I think the discussion of optimizers and JITs is misplaced.
The zeroth rule of optimization is “don’t change the behavior”, where behavior means semantics and observable output. Making it faster is allowed, obviously.

As for behavior with free threading, things may change a bit.
I think the only sensible semantics for free threading is sequential consistency.
Sequentially consistency say the observable behavior is consistent with execution by a single CPU executing all threads.
Note that this is not the same as the observable behavior with the GIL, as the GIL is very coarse grained, but with a variant of the interpreter with the GIL that switches threads as randomly as it can, with as fine a granularity as allowed by the semantics.
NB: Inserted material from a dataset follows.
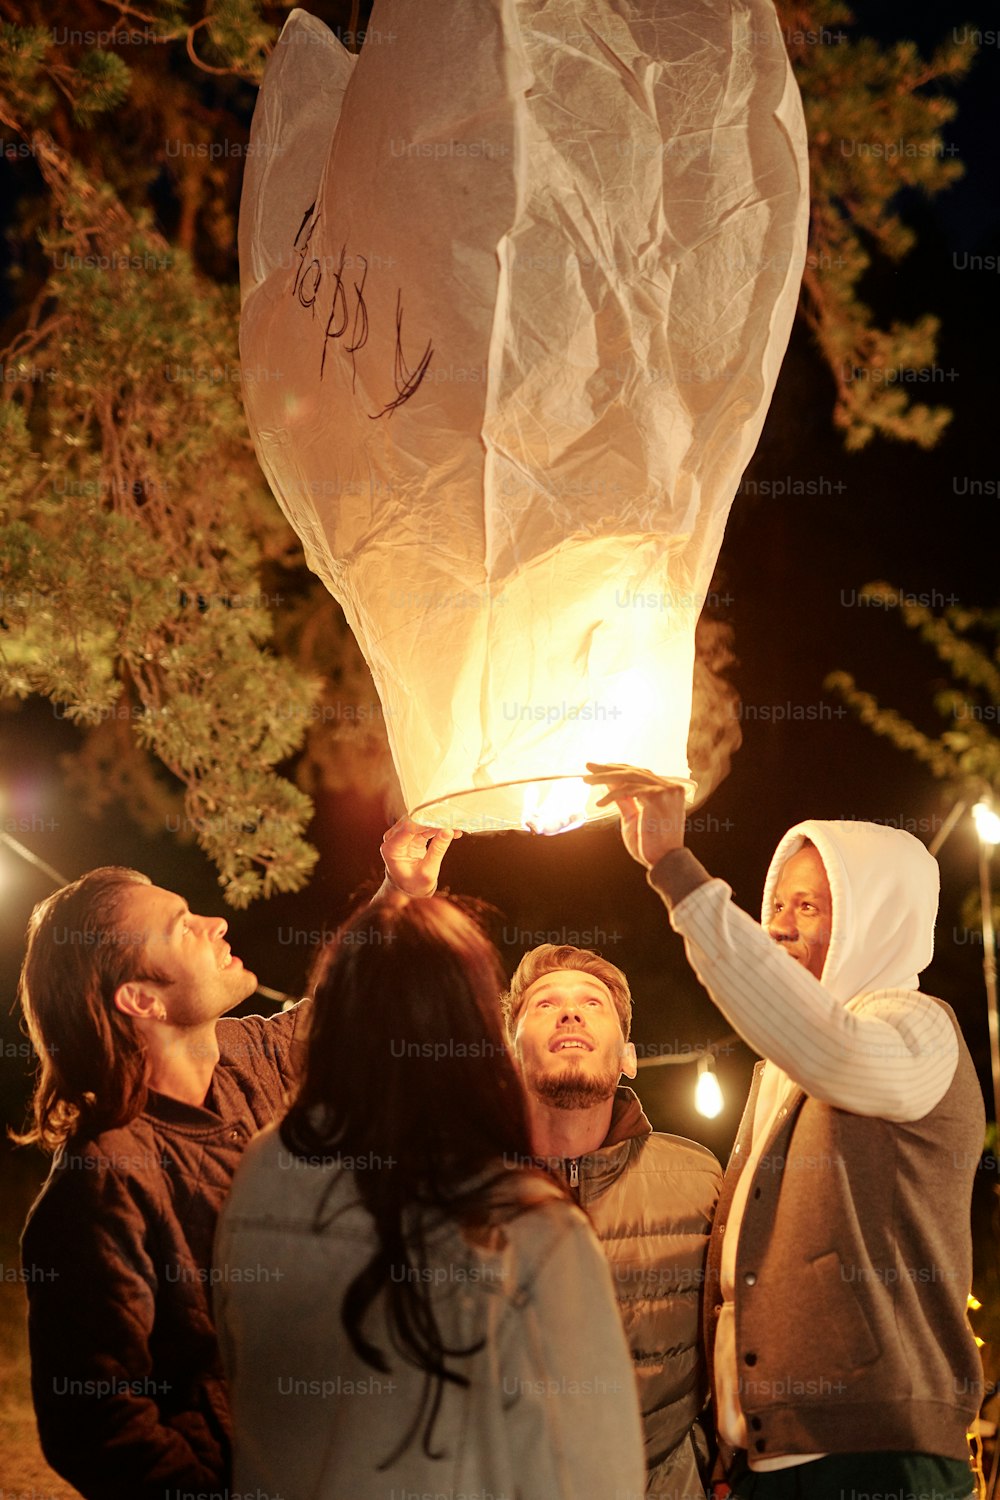 Intercultural young friends in casualwear holding and looking into large illuminated balloon at night gathering under pine tree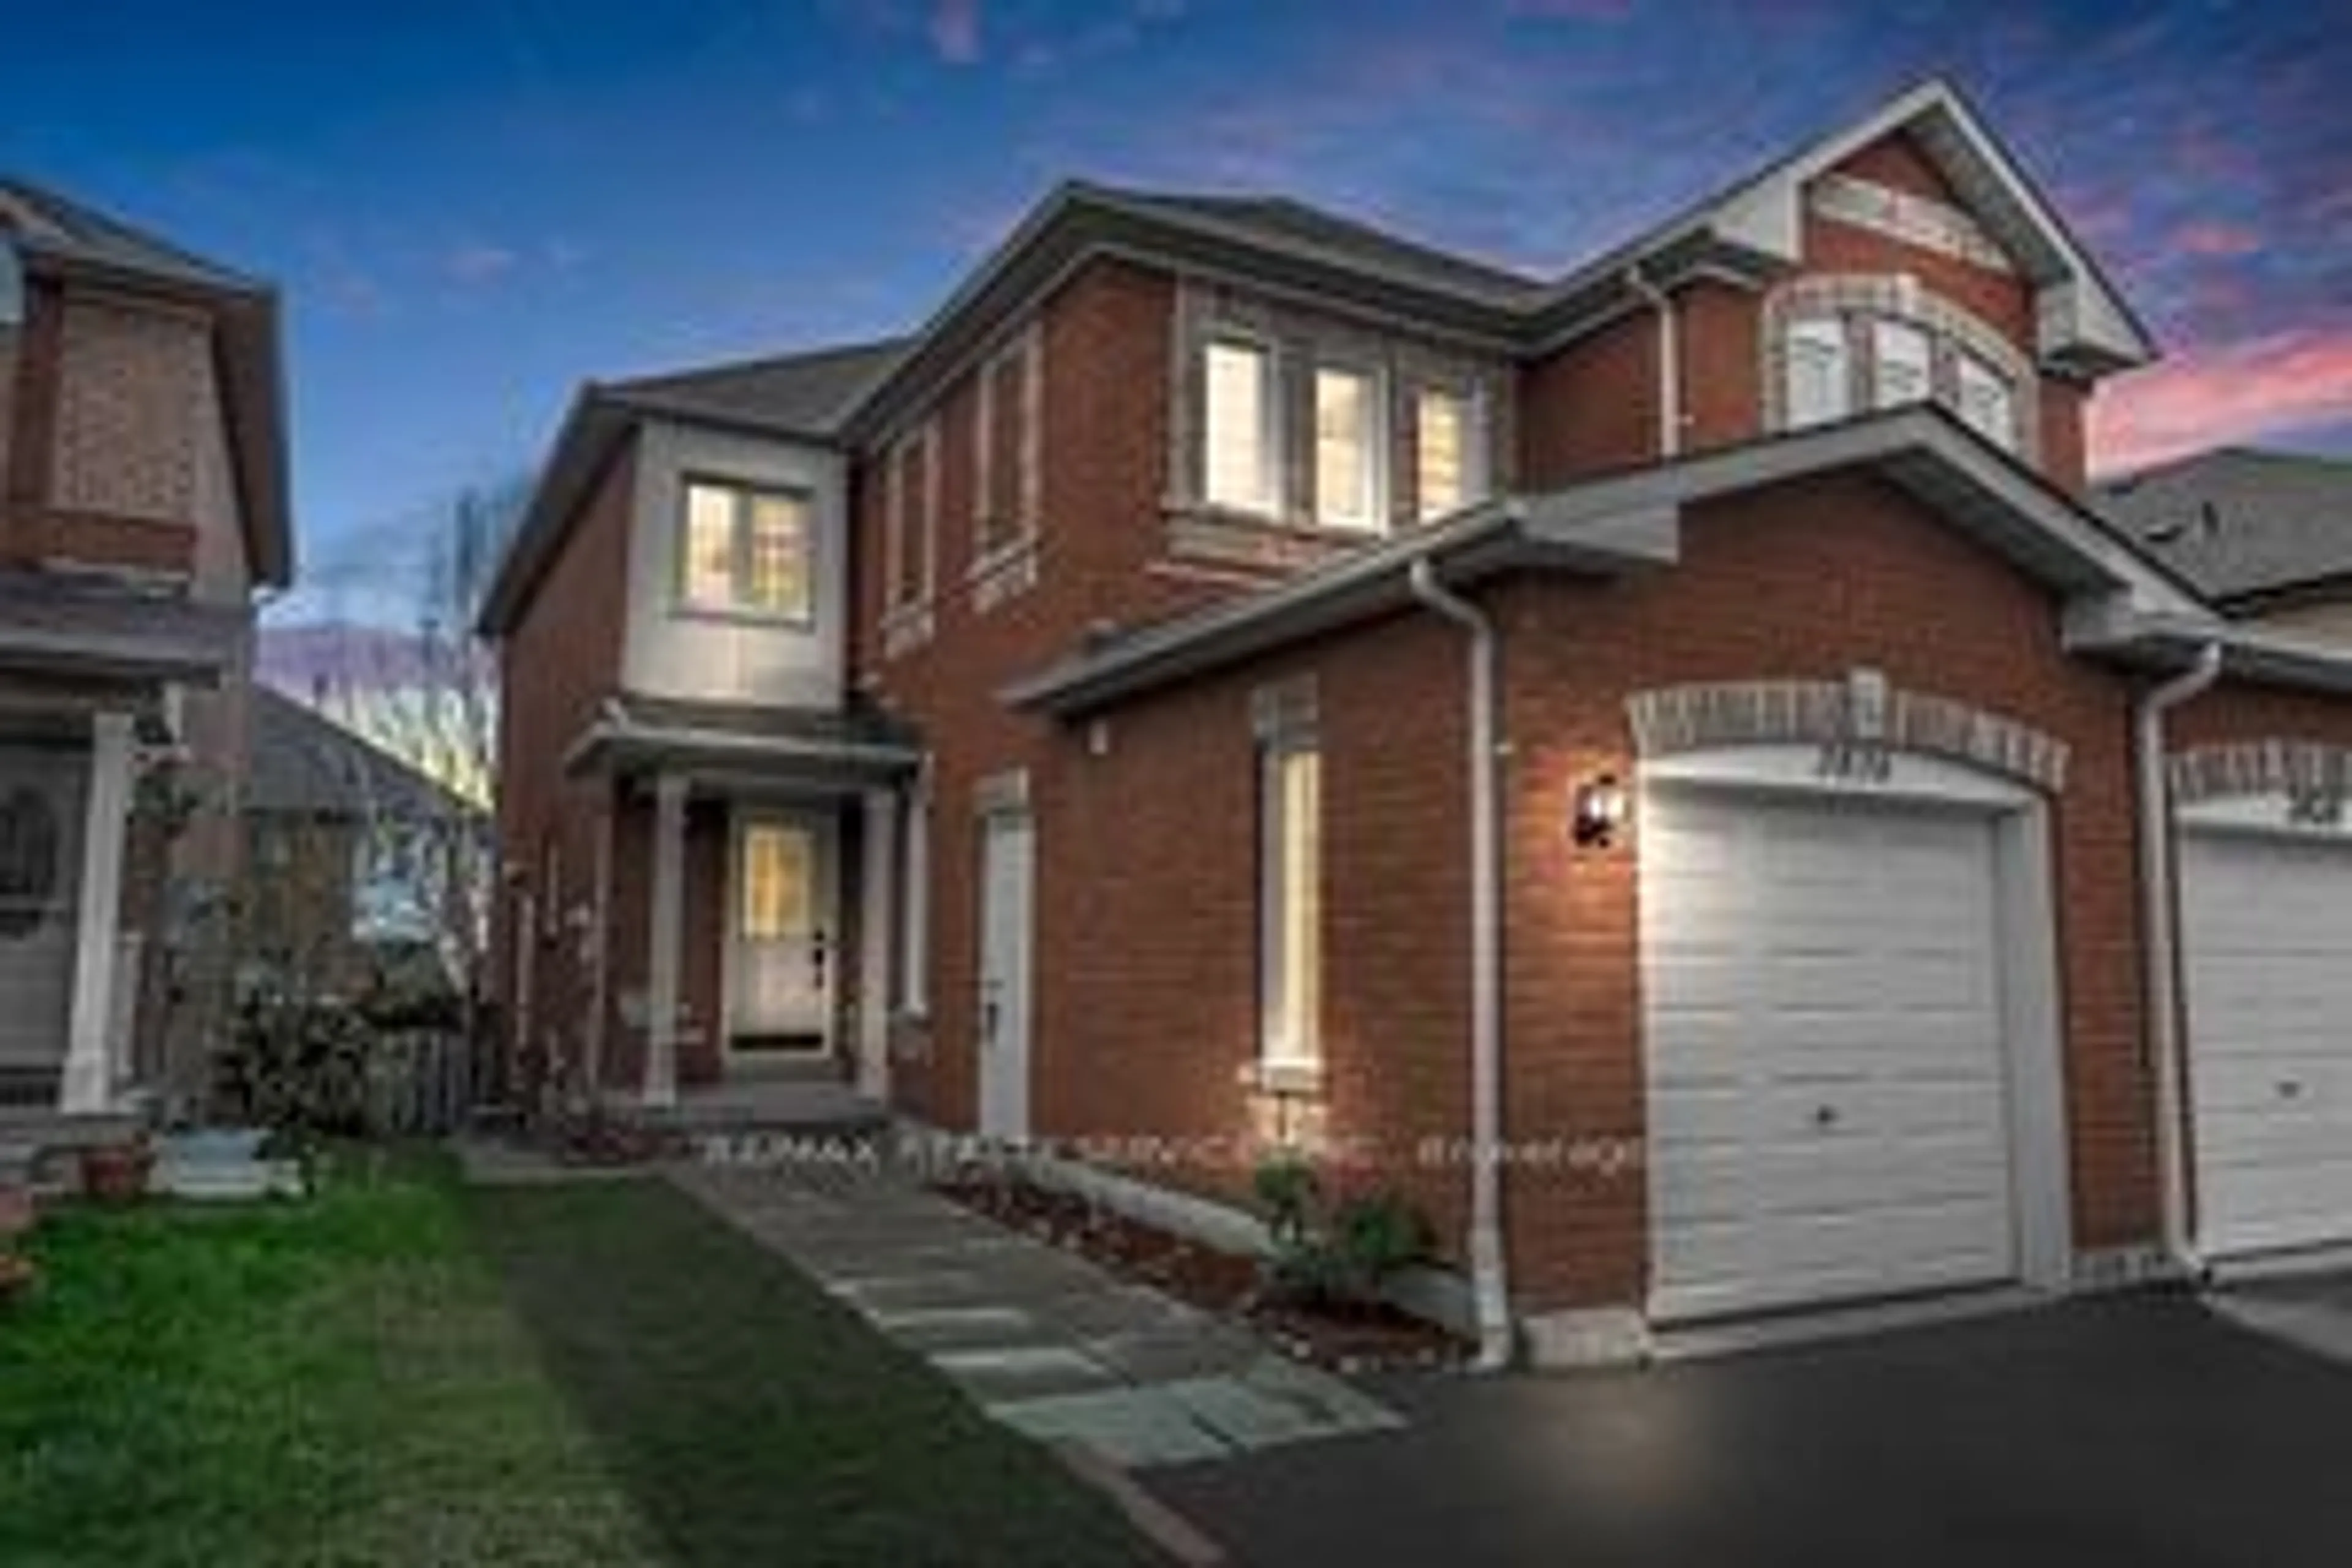 Home with brick exterior material for 3836 Allcroft Rd, Mississauga Ontario L5N 6V6

To specify sequential consistency, you need a complete list of which operations are atomic, and which are not, so we know where it is legal for the hypothetical single CPU to switch threads. That’s the hard part in terms of specifying the semantics.

There is also the issue of timeliness, or fairness. How long can one thread run before it is expected to switch to another thread.
Given the example, and assuming reading and writing global variables is atomic:

a = False
def thread1():
    while not a:
        pass

def thread2():
    global a
    sleep(1)
    a = True

Sequential consistency alone would allow thread1 to run forever. So we need some degree of timeliness, or fairness. This is harder to specify, but as long as no thread starves it shouldn’t matter too much.
Given all that, we would expect thread1 to terminate after about 1 second.

markshannon · January 11, 2024, 10:43am

As for moving variable reads out of a loop, or function inlining, it is legal as long as it doesn’t change observable behavior. Like any other optimization.

Python already supports instrumentation (PEP 669 and sys.settrace) which can be turned on at any time.
We need to be able to handle instrumentation being turned on in one thread and immediately (within the bounds of allowed sequential consistency and fairness) see events for other threads.

If we can handle that, we can handle global variables, function inlining and loop invariant code motion.

steve-s · January 11, 2024, 2:14pm

Why do you think that it is the only sensible semantics? Other approaches are used in practice elsewhere.

markshannon · January 12, 2024, 9:18am

Because none of the others are sensible

Seriously though, a few reasons:

I think other approaches put too much burden on the programmer. Anything more complex than sequential consistency is too hard to reason about for most of us, most of time.
Anything else would be too big a jump from the current semantics, and would break too much code.
Traditionally, Python has always favored ease of use and simplicity over performance. Sequential consistency fits better into that tradition than something like the Java memory model.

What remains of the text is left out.